Five Star Senior Living has long considered proper corporate governance to be important. Since we became a public company in 2002, a majority of our Board of Directors has been independent, and all of our Board’s Committees, including our Audit Committee, have been comprised solely of independent directors.
We have a five member Board of Directors, of which three are independent directors. The Board operates with three separate Committees: an Audit Committee, a Compensation Committee and a Nominating and Governance Committee. The Board has also adopted Governance Guidelines and Committee Charters for each of its Committees.

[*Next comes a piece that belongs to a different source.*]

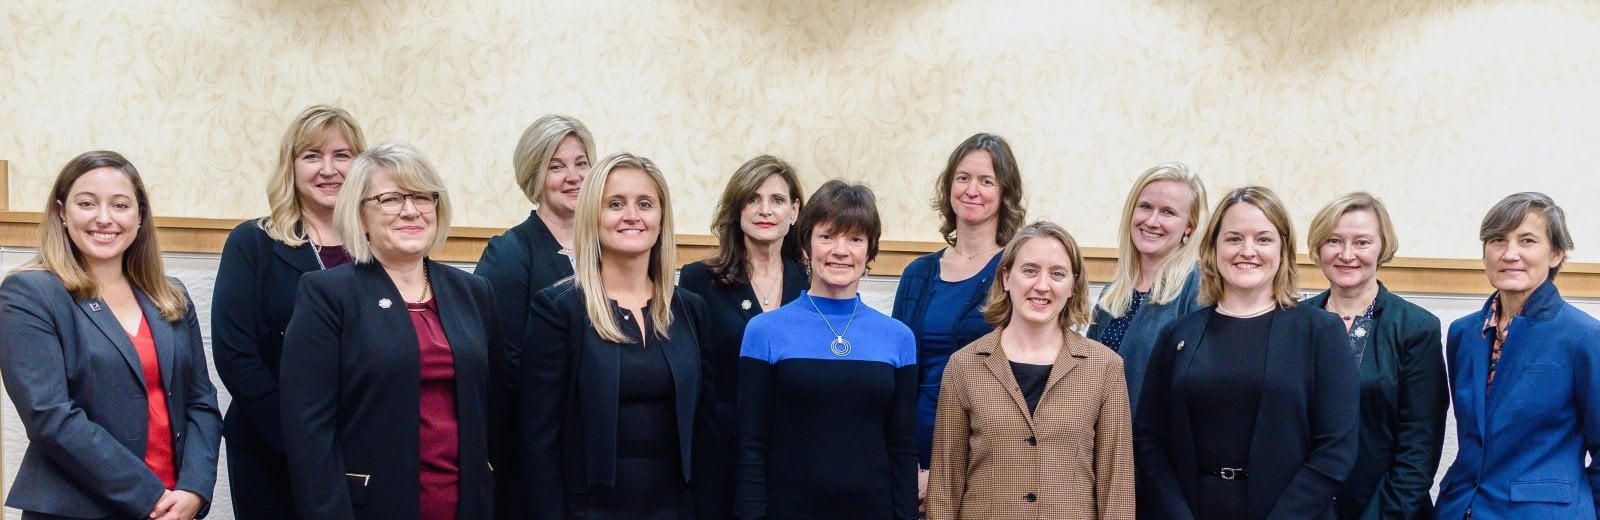 Michigan Techâ€™s Presidential Council of Alumnae (PCA) honors some of Techâ€™s most successful women alumnae and recognizes them for their personal and professional achievements.

The Board’s Audit Committee currently has a qualified Audit Committee "financial expert" as defined by Securities and Exchange Commission rules. We also have a Director of Internal Audit who reports directly to the Board’s Audit Committee.

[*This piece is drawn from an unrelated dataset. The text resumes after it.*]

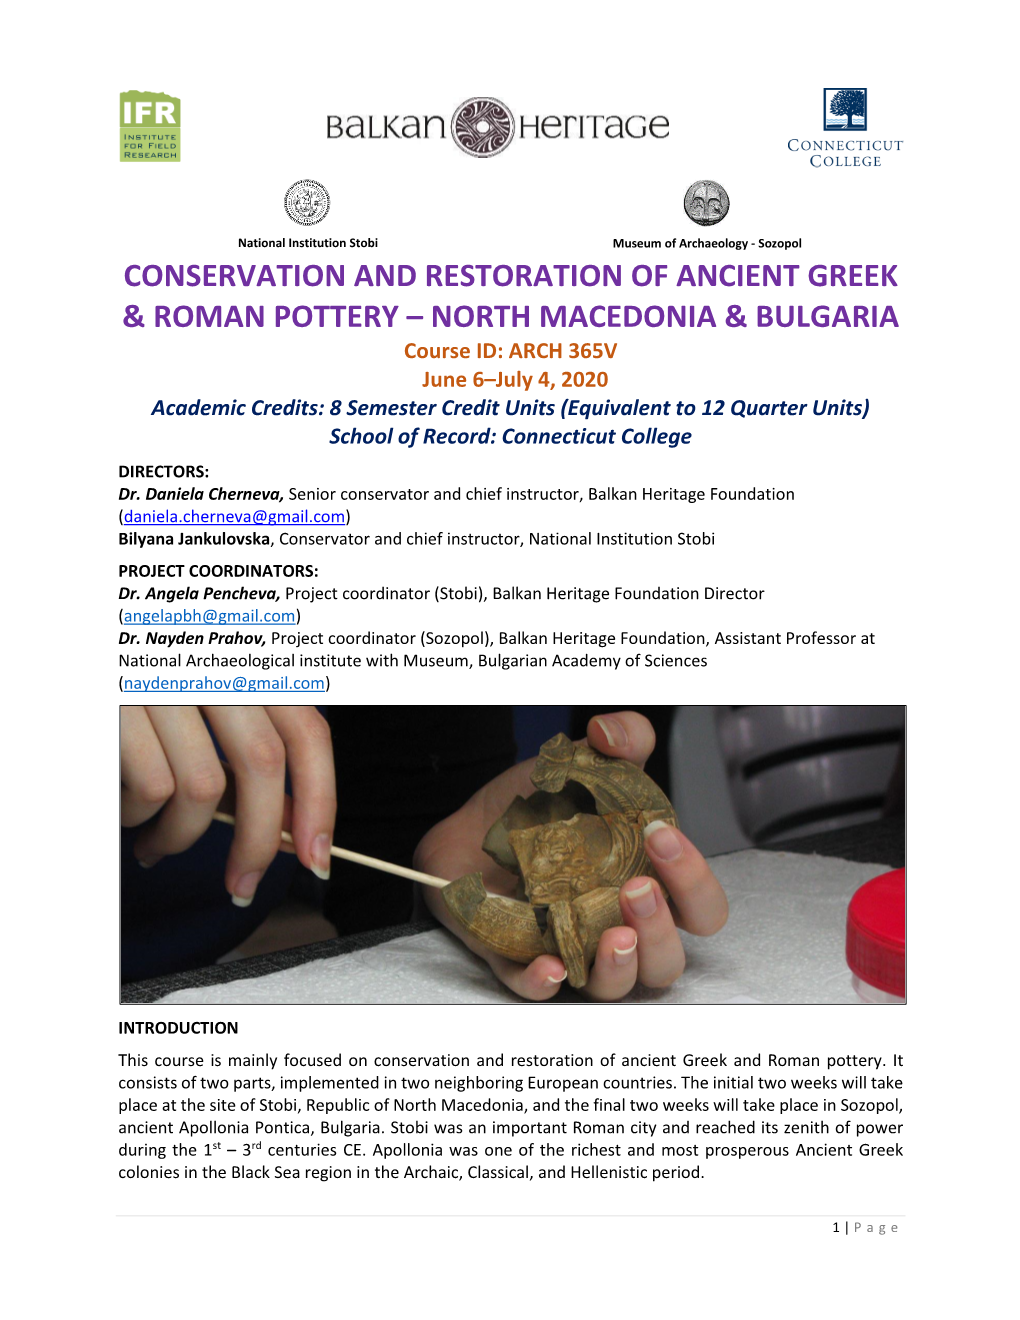 Conservation and Restoration of Ancient Greek & Roman Pottery

All of the company's Directors, officers and personnel are subject to a Code of Business Conduct and Ethics. On December 14, 2015, Five Star Senior Living Inc.’s Code of Business Conduct and Ethics (the "Code") was amended to clarify policies regarding reporting of conflicts of interest and violations of the law and the Code. The Code was also revised to recognize that our management services provider is now controlled by a public company.
We also have a Governance and Compliance Online Reporting Form that allows users to report matters directly to Senior Management, the Corporate Compliance Officer, the Board of Directors or the Audit Committee.